[Vega-Lite](http://vega.github.io/vega-lite/) 1.0 was [released this past week](https://medium.com/@uwdata/introducing-vega-lite-438f9215f09e#.yfkl0tp1c). I had been meaning to play with it for a while but I’ve been burned before by working with unstable APIs and was waiting for this to bake to a stable release. Thankfully, there were no new shows in the Fire TV, Apple TV or Netflix queues, enabling some fast-paced nocturnal coding to make an [R `htmlwidget`s interface](https://github.com/hrbrmstr/vegalite) to the Vega-Lite code before the week was out.

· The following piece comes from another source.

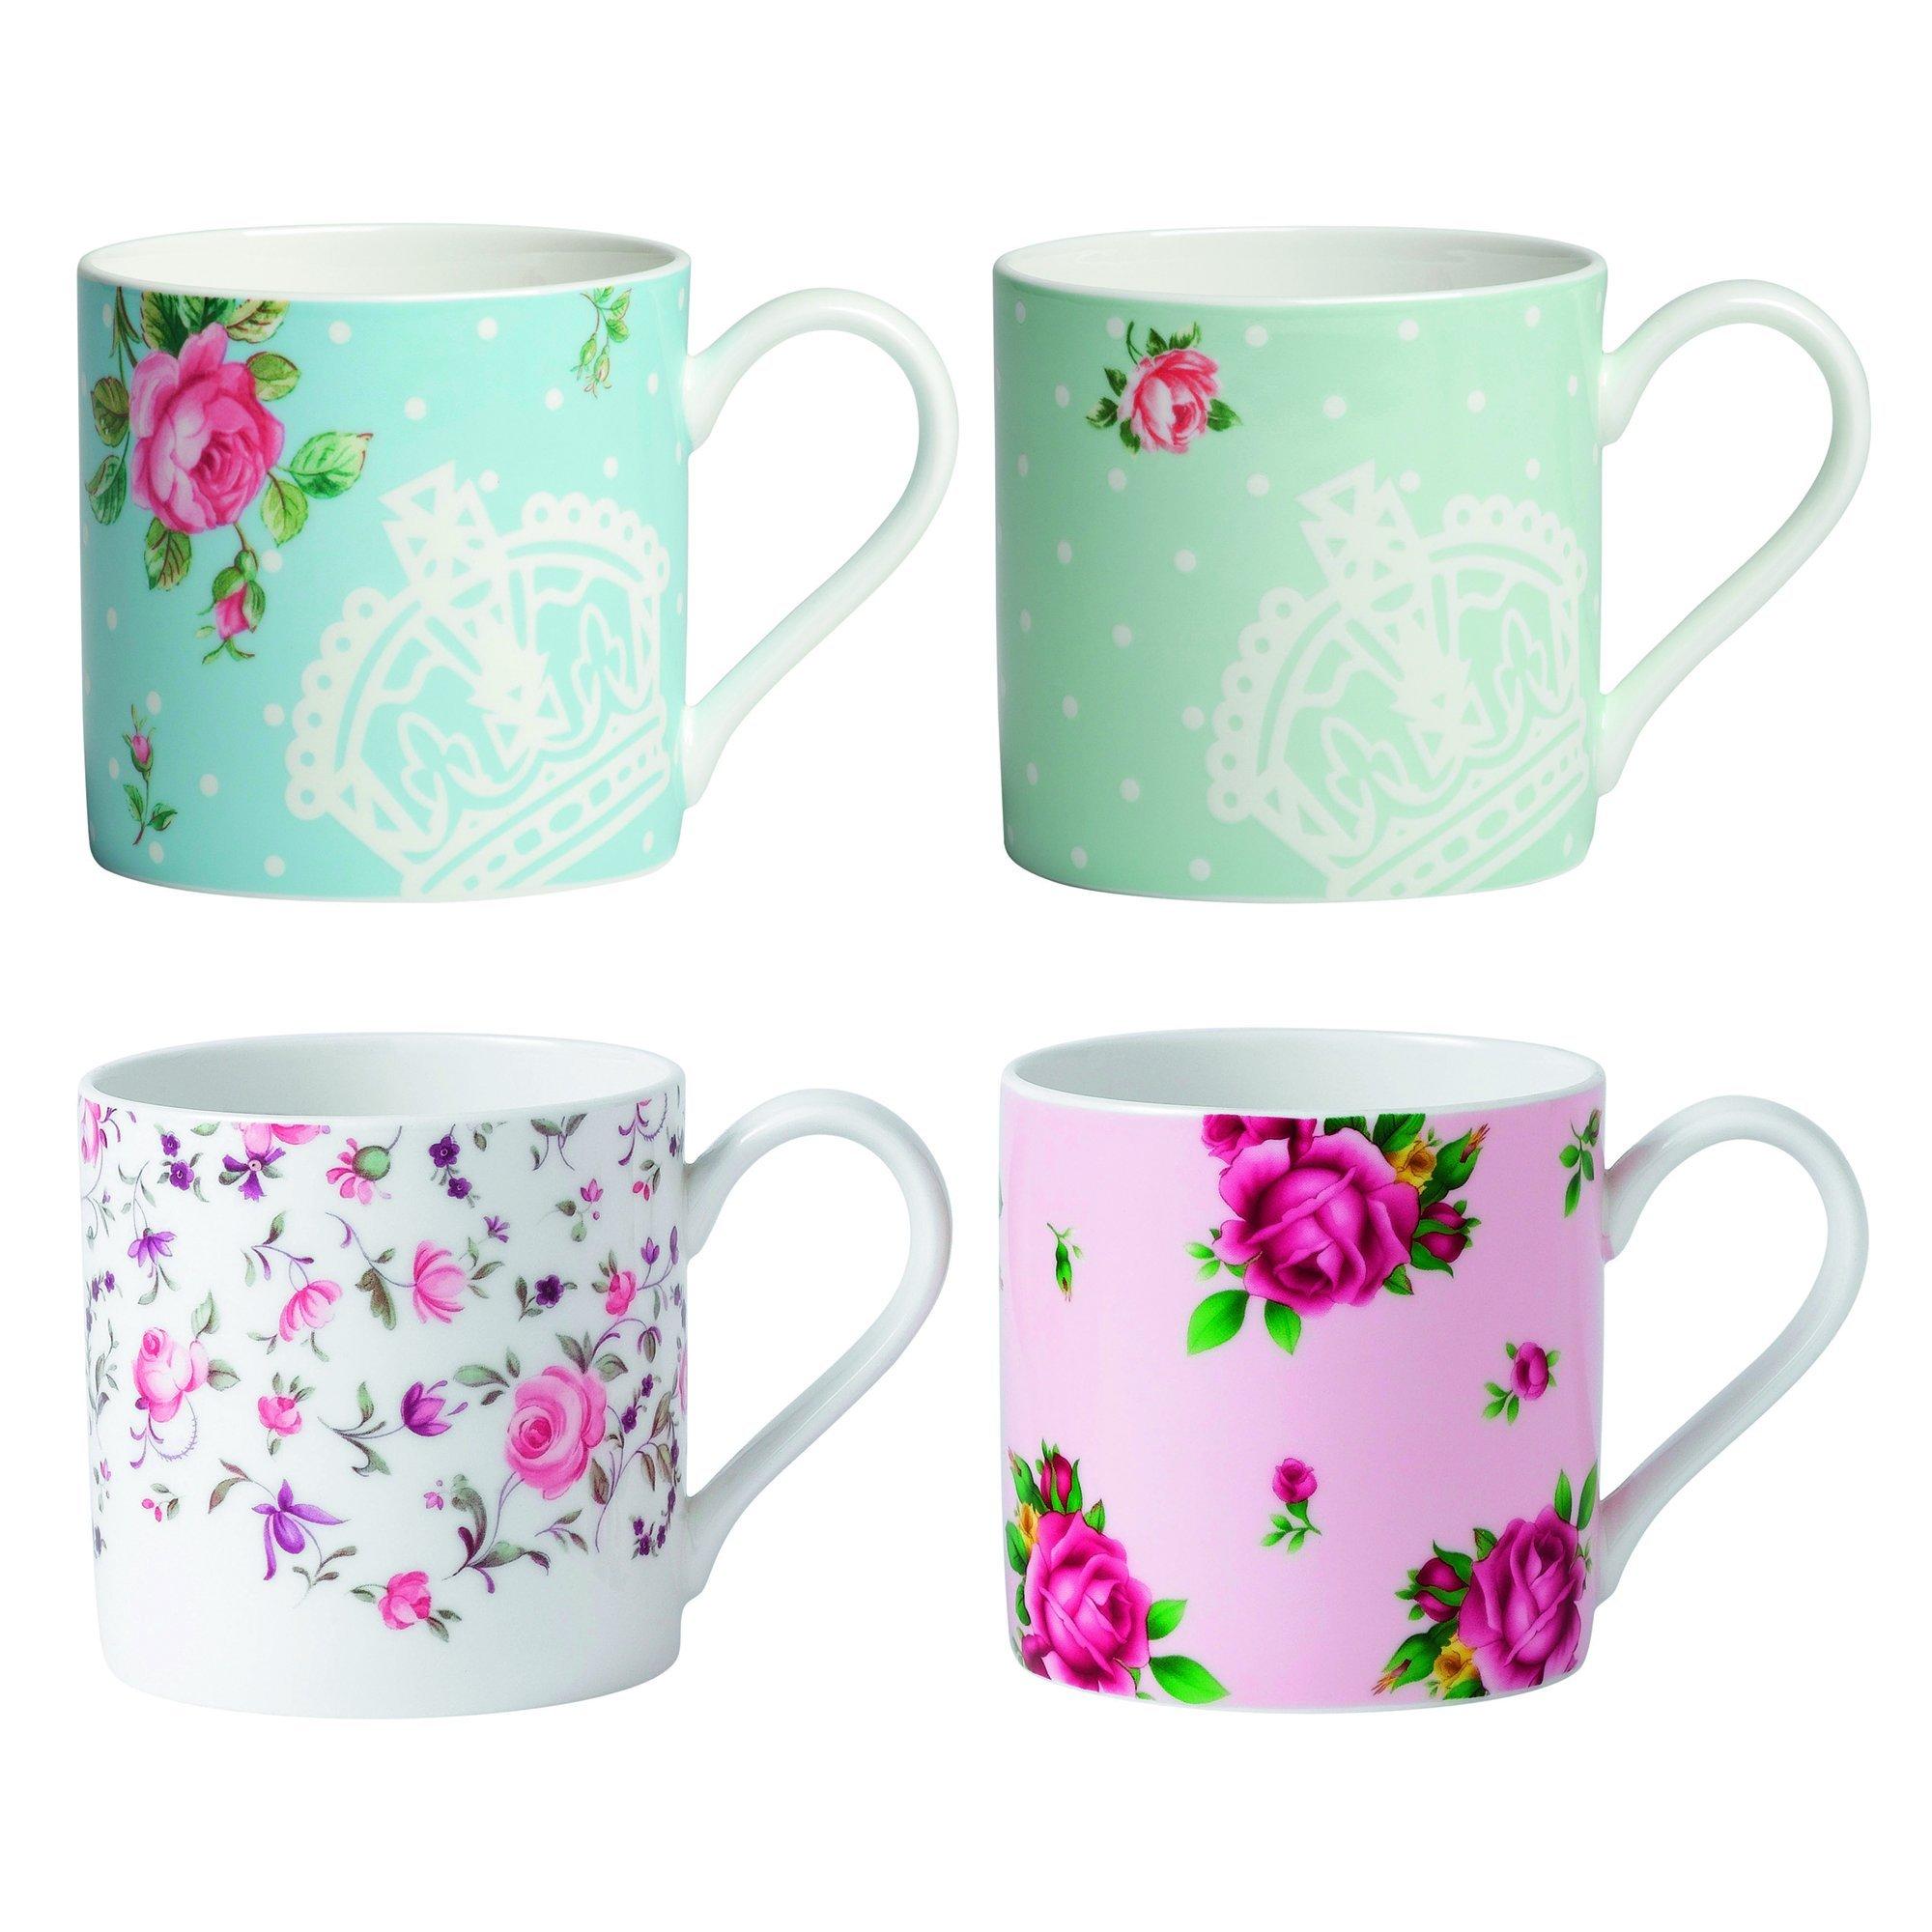 Royal Albert New Country Roses Modern Mugs, White, Set of 4 by Royal Albert

What is “Vega” and why “-Lite”? [Vega](http://vega.github.io/) is _”a full declarative visualization grammar, suitable for expressive custom interactive visualization design and programmatic generation.”_ Vega-Lite _”provides a higher-level grammar for visual analysis, comparable to ggplot or Tableau, that generates complete Vega specifications.”_ Vega-Lite compiles to Vega and is more compact and accessible than Vega (IMO). Both are just JSON data files with a particular schema that let you encode the data, encodings and aesthetics for statistical charts.
Even I don’t like to write JSON by hand and I can’t imagine anyone really wanting to do that. I see Vega and Vega-Lite as amazing ways to serialize statistical charts from ggplot2 or even Tableau (or any Grammar of Graphics-friendly creation tool) and to pass around for use in other programs—like [Voyager](http://vega.github.io/voyager/) or [Pole★](http://vega.github.io/polestar/)—or directly on the web. It is “glued” to D3 (given the way data transformations are encoded and colors are specified) but it’s a pretty weak glue and one could make a Vega or Vega-Lite spec render to anything given some elbow grease.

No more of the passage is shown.